台下的官兵当中马上多出了一种不一样的声音。

“杀死党骁波!替提督大人报仇!”

……

……

只喊了一声,并没有形成滚雷一般的声势,但范闲已是温和地笑了,很和蔼地听从了民意,向身边点了点头。

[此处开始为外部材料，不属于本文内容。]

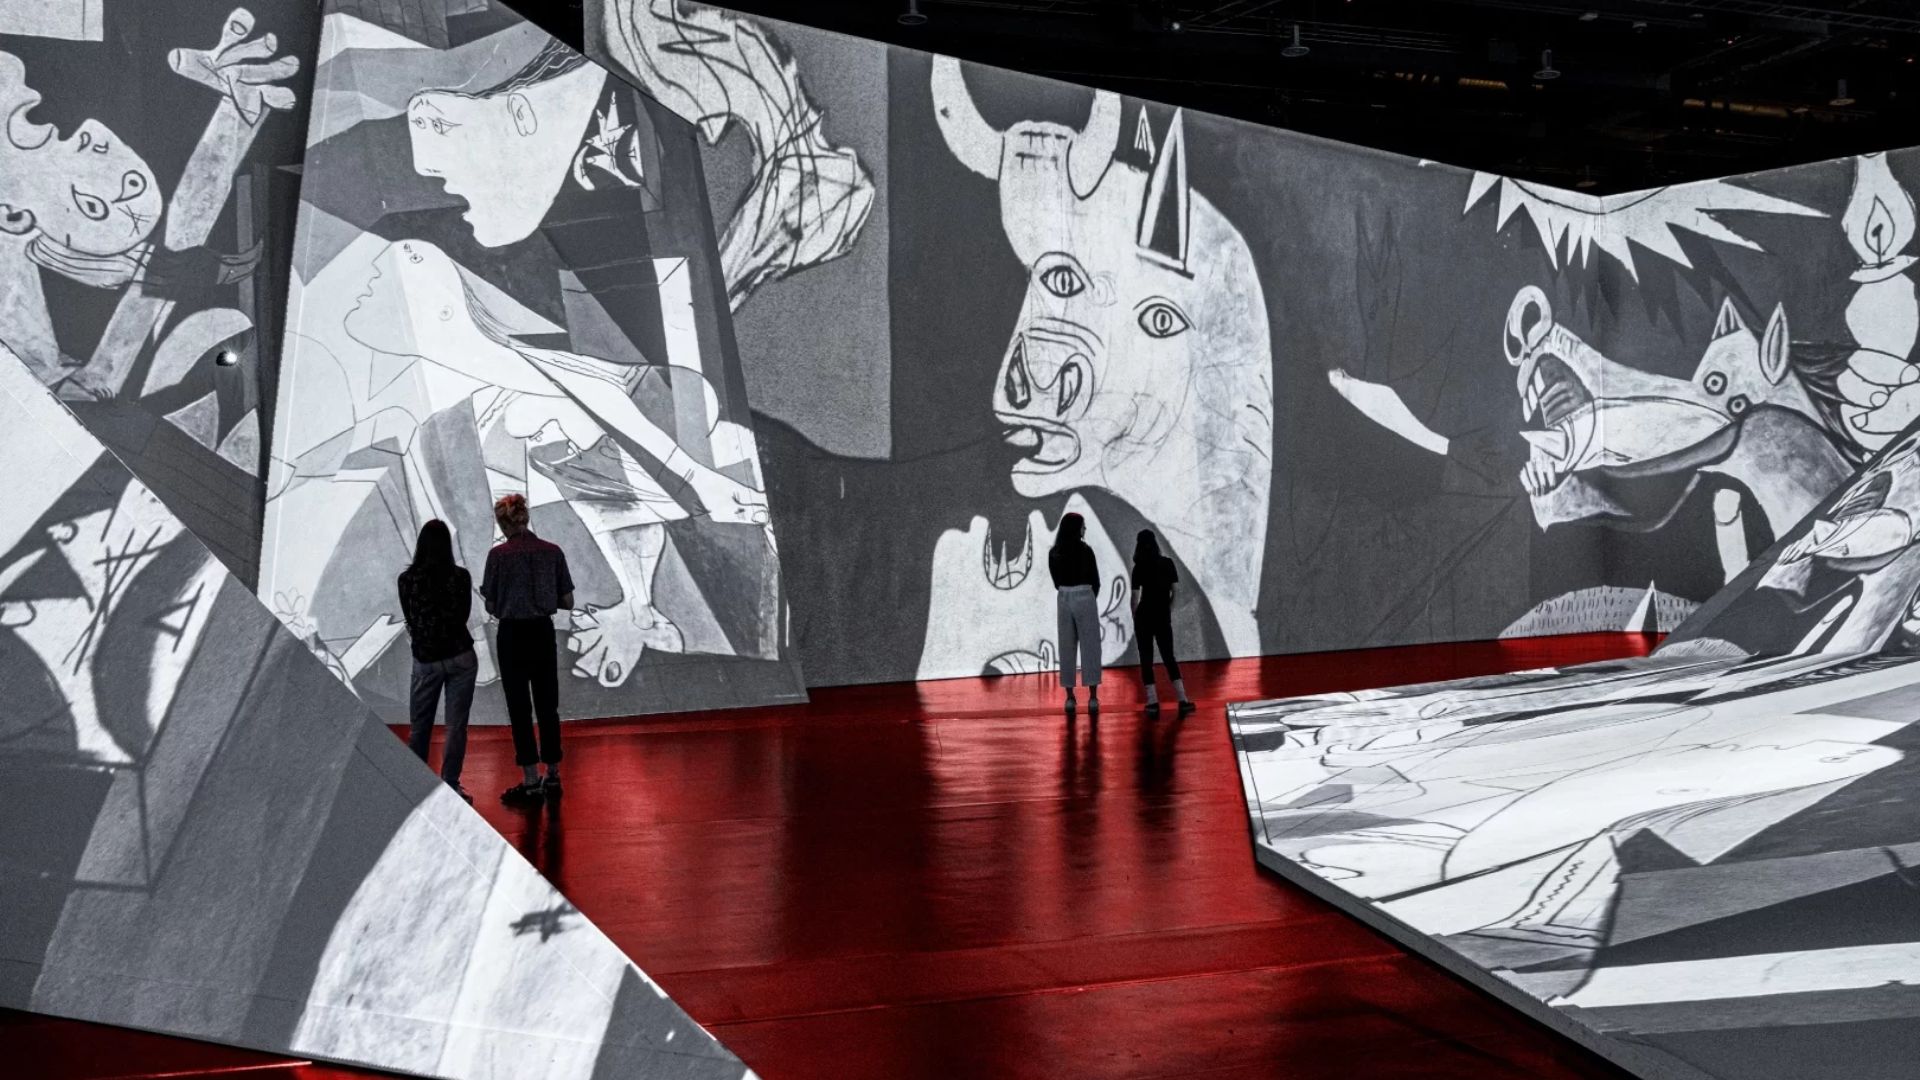 Exposição Imersiva de Picasso estreia em março em São Paulo | Curitiba Cult  - Agenda cultural de Curitiba

洪常青与几名面色异常难看的水师将领走到了范闲的身边,拔出身畔配着的直刀,一脚蹬在那些常昆的亲信将领后背,将这些犯将蹬倒在地,然后一刀砍下。

咔咔四声响,锋利的刀砍进了那些壮实的颈柱,破开皮,划开肉,放出血,断掉骨,让那头颅离开了身躯,在高台之上骨碌碌滚着,喷出一大滩的鲜血。

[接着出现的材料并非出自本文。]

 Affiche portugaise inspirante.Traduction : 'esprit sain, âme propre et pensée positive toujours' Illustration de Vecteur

无头的水师将领身躯在高台之上弹动抽搐片刻,便归于安静,归于死亡。

台上台下再次陷入安静,下方的水师官兵们目瞪口呆看着这一幕……心想,就这么死了?案子都还没有审,钦差大人就这么把这几位将领给杀了?

范闲皱眉看着脚下不远处的鲜血,与自己身边不远处沉重呼息,面色惨丧的党骁波,旋即抬起头来微笑说道:“满足你们的愿望,不过党骁波乃是首恶,要押至京都……只怕要送他一个凌迟,才能让提督大人瞑目。”

这话有些无耻,但是台下的水师官兵们却不这样认为,只是看着台上那个穿着华贵官服的年轻人,感到了一股由内心深处涌起来的恶寒。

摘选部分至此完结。